Update: 4:00pm The sync of data is progressing. Due to high amount of changes made to user accounts and research spaces the resync of data is taking longer than anticipated.
On Wednesday, May 22nd, we will be migrating all users and research spaces on ufs-13-a and ufs-13-b to the new home directory system. Users with home directories on ufs-13-a and ufs-13-b will not be able to run jobs or log into the HPCC on this day, and research spaces on ufs-13-a and ufs-13-b will be unavailable.
For users on ufs-13-a and ufs-13-b, jobs that would overlap with the maintenance window will not start until the maintenance is complete. Any running jobs for these users or research spaces will be terminated at the start of the window.
Users and jobs using research spaces on ufs-13-a and ufs-13-b will be terminated on May 22nd and may be temporarily prevented from accessing the system to ensure a clean migration.
Users should see significantly better performance and stability once the migration is complete. If you are on ufs-13-a or ufs-13-b, let us know if this interruption will have a significant impact on your work and we can migrate your spaces before the transition.
We are working on an issue that has caused all of our nodes to go into an offline state, as well as not allow users to login. We will have the nodes back online as soon as possible.
Update 10:26 Nodes are back online and running jobs. Logins at this time may still fail.
Update 12:00 We continue to experience issues with mounting home directories, which is causing gateways to be unresponsive. We are working with the vendors to resolve this issue.
Update: 13:30 The vendor has worked to restore functionality of our home storage system. We continue to work with the vendor on this. At this time most home directories are available.
Update 14:45 The issue has been resolved and the vendor is working on a permanent solution for the issue.
On Wednesday, June 5th, we will be migrating all users and research spaces on ufs-12-a and ufs-12-b to the new home directory system. Users with home directories on ufs-12-a and ufs-12-b will not be able to run jobs or log into the HPCC on this day, and research spaces on ufs-12-a and ufs-12-b will be unavailable.
For users on ufs-12-a and ufs-12-b, jobs that would overlap with the maintenance window will not start until the maintenance is complete. Any running jobs for these users or research spaces will be terminated at the start of the window.
Users and jobs using research spaces on ufs-12-a and ufs-12-b will be terminated on June 5nd and may be temporarily prevented from accessing the system to ensure a clean migration.

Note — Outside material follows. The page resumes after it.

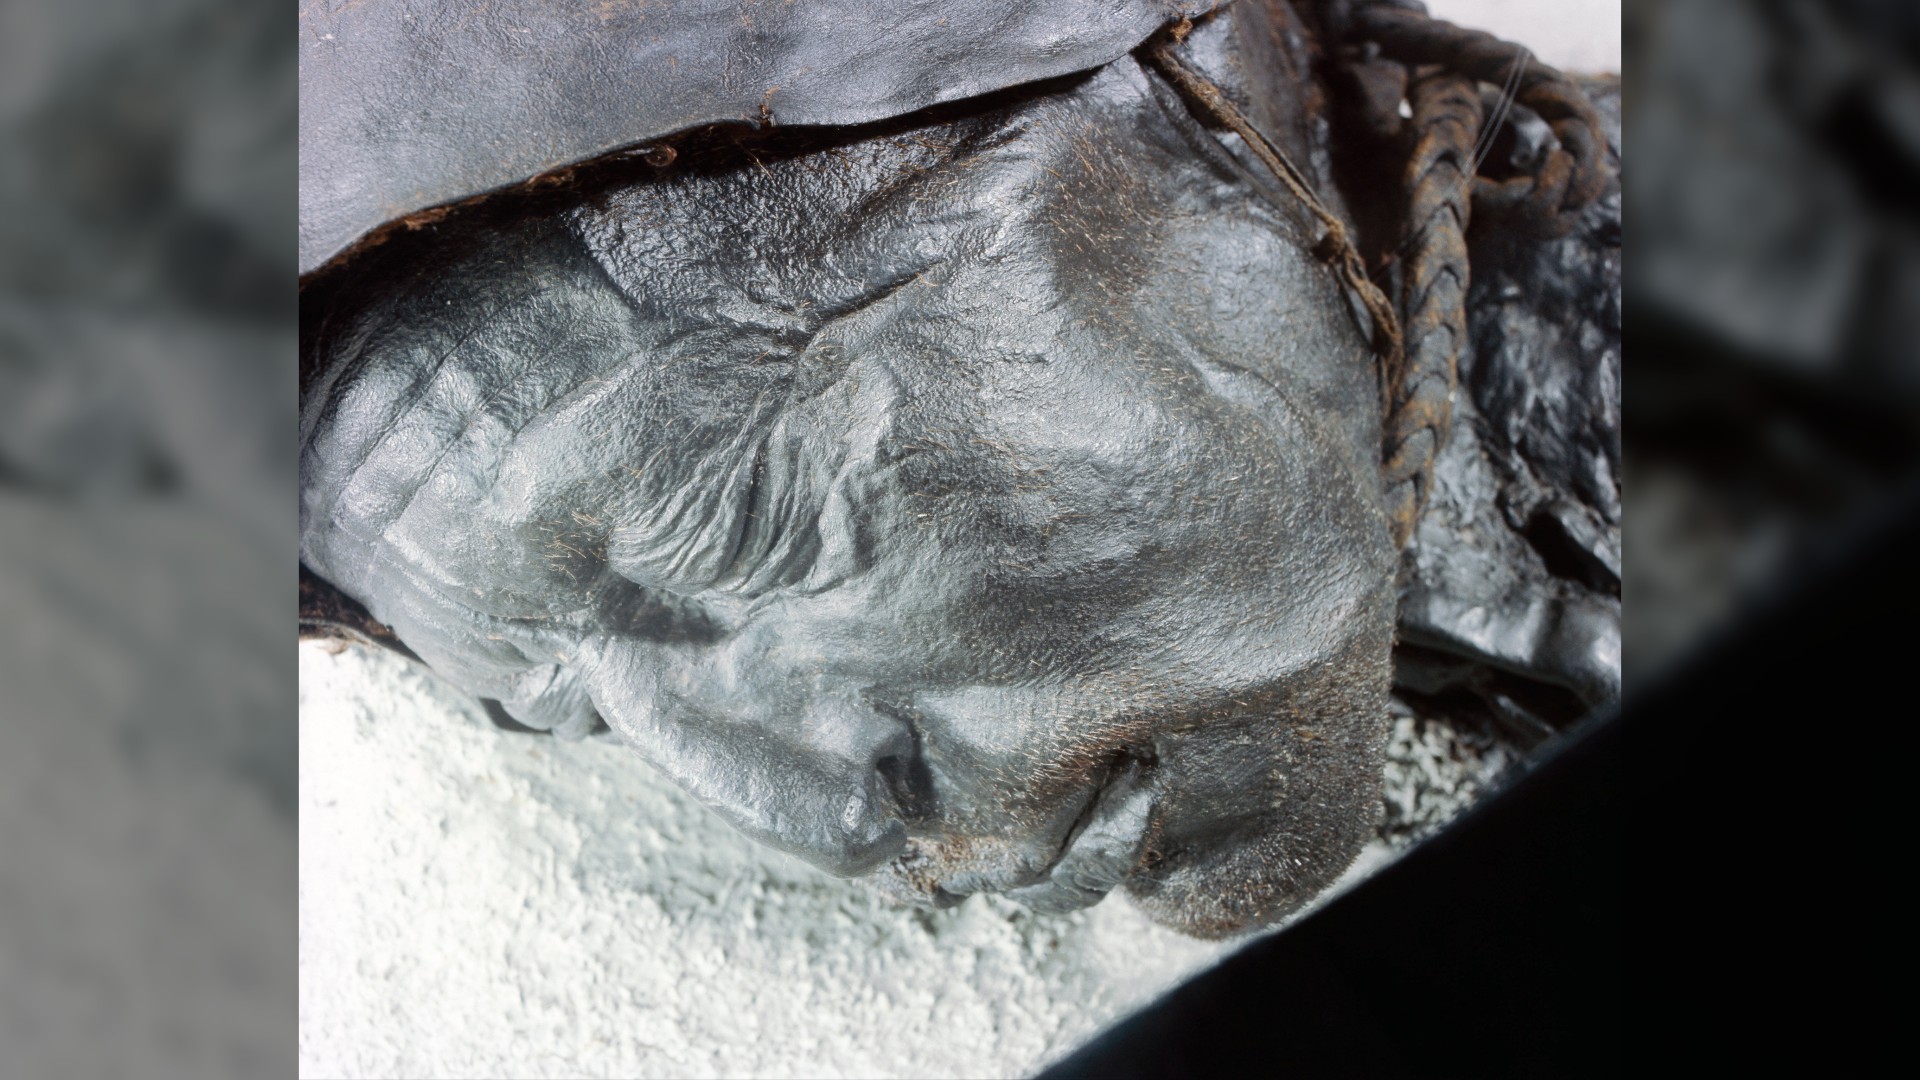 Close up of the mummified Tollund man's face.

Users should see significantly better performance and stability once the migration is complete. If you are on ufs-12-a or ufs-12-b, let us know if this interruption will have a significant impact on your work and we can migrate your spaces before the transition.
Access to the HPCC is currently unavailable for users on ufs18. A bug on the new file system that is the result of contention between compression and file replication features. We are entering the recovery process and attempting to restore access. We expect a return to service this morning.

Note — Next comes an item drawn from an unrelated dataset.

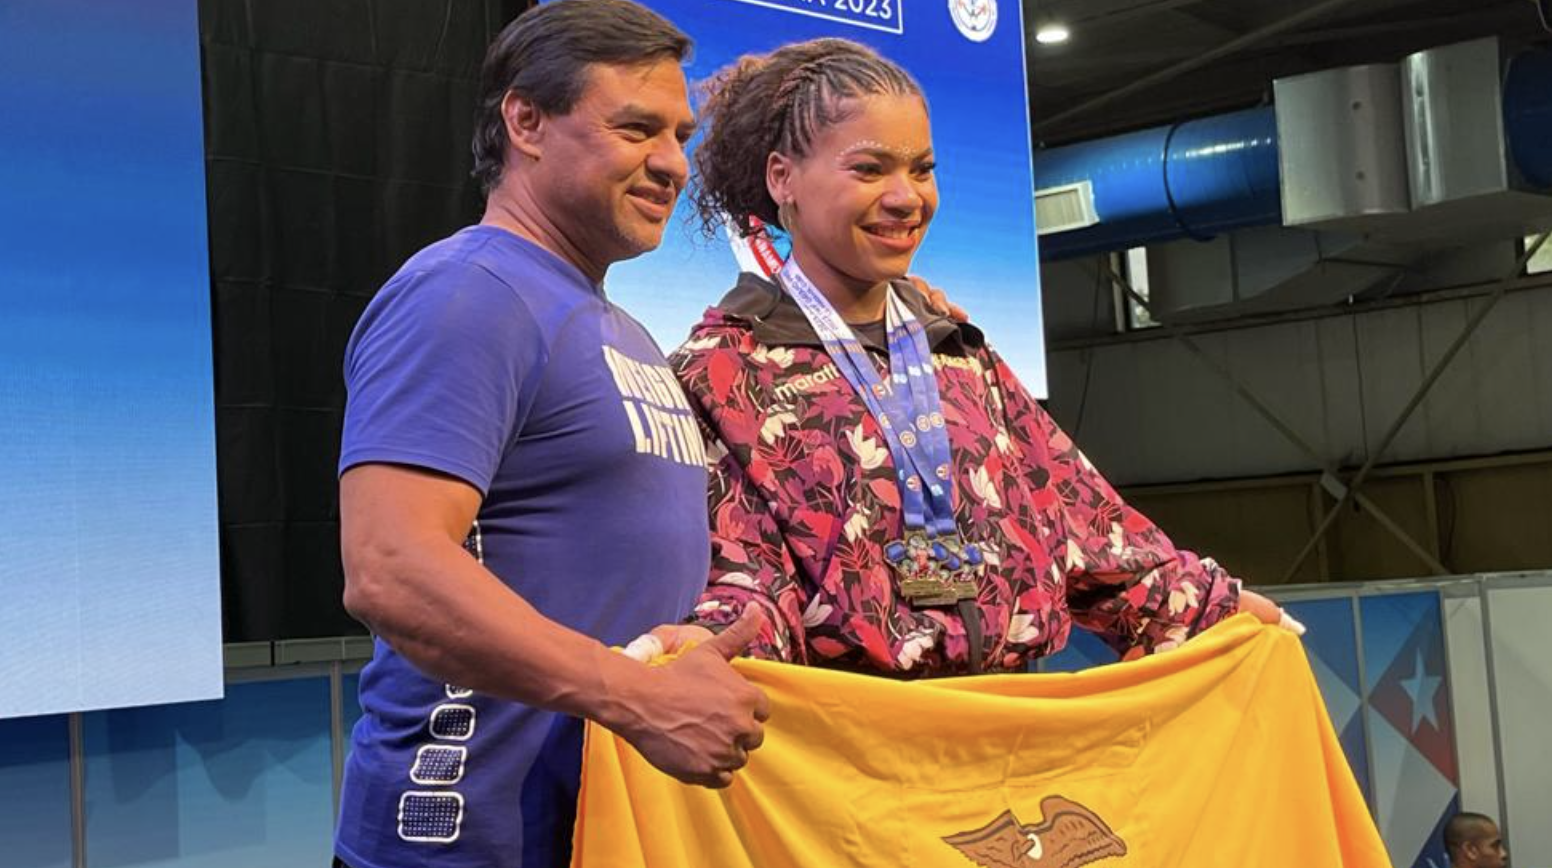 World record for Palacios continues stunning success for weightlifting's special family

UPDATE: 12:30 PM- Service was restored as of 10:15 AM.
We will be removing older, less secure SSH ciphers (3des-cbc, blowfish-cbc, and cast128-cdc) this afternoon. This should not effect anyone with a modern SSH client. If you have problems logging in, please try to update your SSH client; if the problem persists, please contact us: https://contact.icer.msu.edu/contact
May 8, 2019 (10:27am)
Scratch system ls15 is working normally and available for all nodes.
May 7, 2019
/mnt/ls15/scratch/groups/<group>) are currently unavailable on most of the nodes. If you would like to access the scratch space, please use dev-intel14-phi or rsync gateway. We are working with the vendor on this issue. Update will be posted.

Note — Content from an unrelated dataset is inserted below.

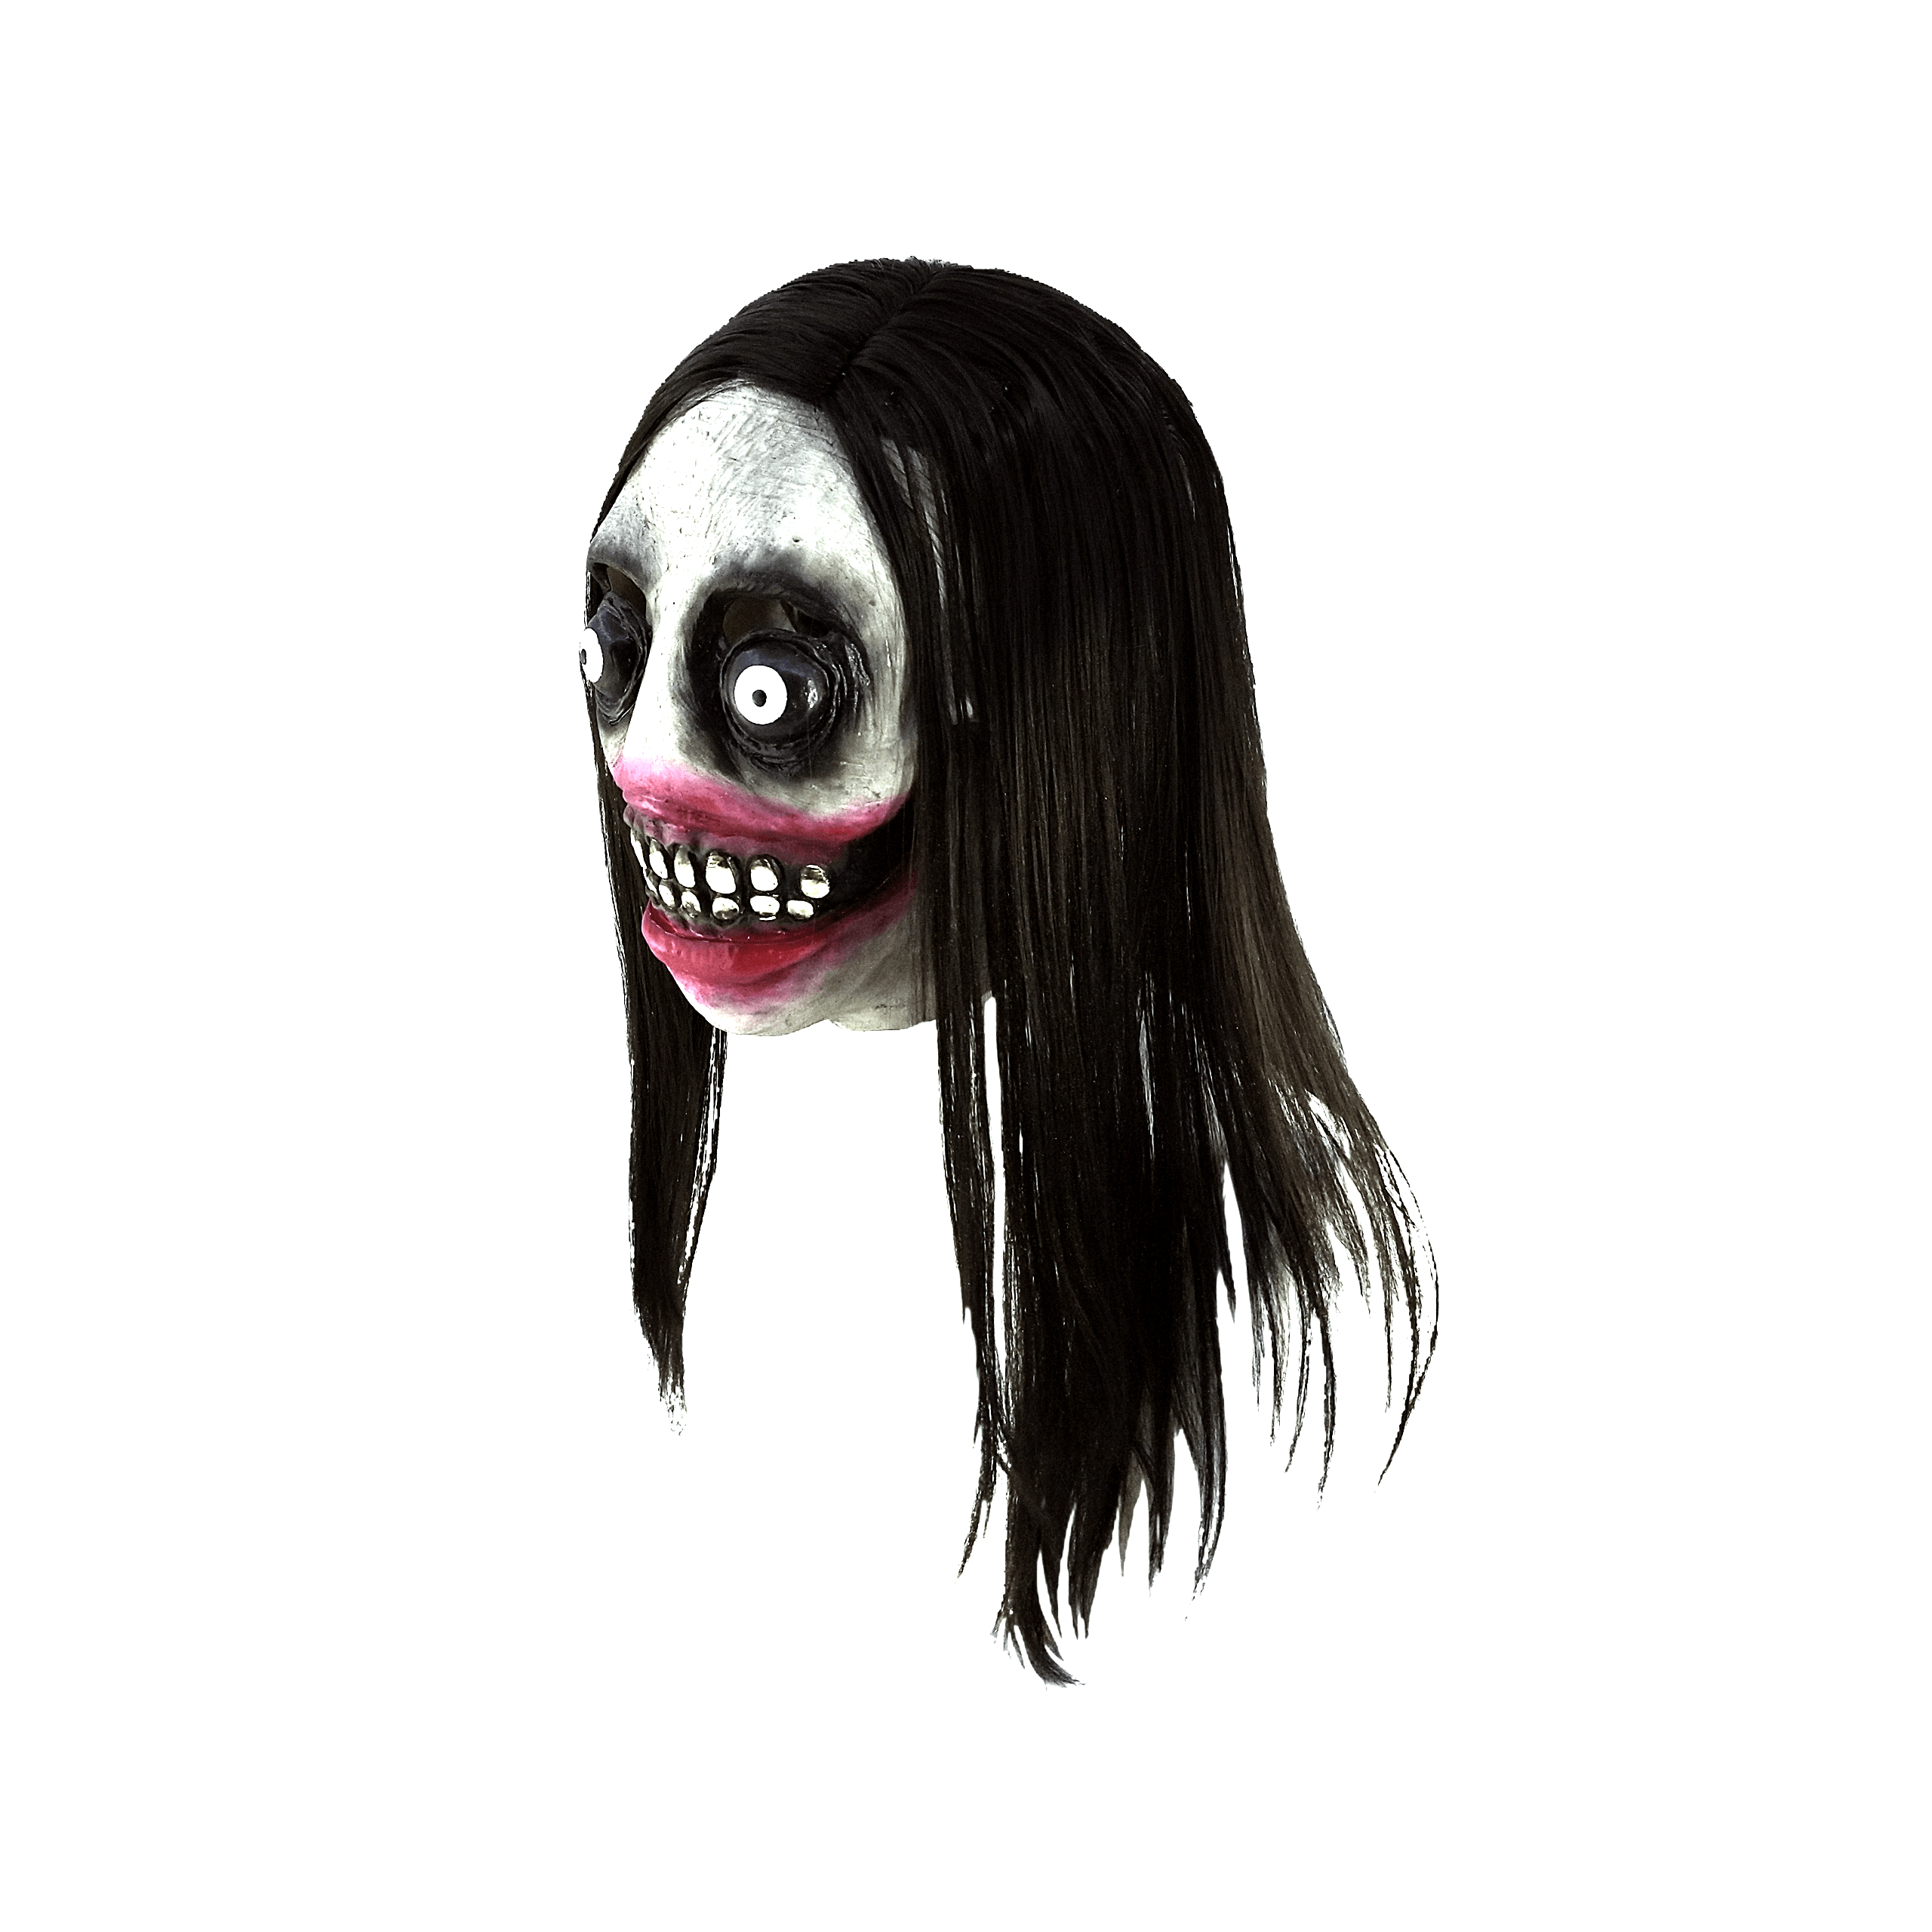 Drawing JEFF THE KILLER in Different Styles (SCARY)

On Wednesday, May 8, 2019 at 9pm, the server hosting the HPCC globus endpoint will be temporarily shutdown to allow a migration of the server to our new systems. This process will be disruptive to transfers, so access to the system will be halted at 9am on Wednesday, May 8 to prevent new transfers from being started prior to the outage. The anticipated duration for the outage is 20 minutes.
If you have any questions regarding the scheduled maintenance, please do not hesitate to open a ticket, or otherwise, contact us using your preferred method.
Our job scheduling software, SLURM, is currently offline. We are working with the software vendor to bring it back online. While SLURM is offline, new jobs cannot be submitted and client commands, e.g. squeue, srun, sinfo, will not function. Running jobs are not affected.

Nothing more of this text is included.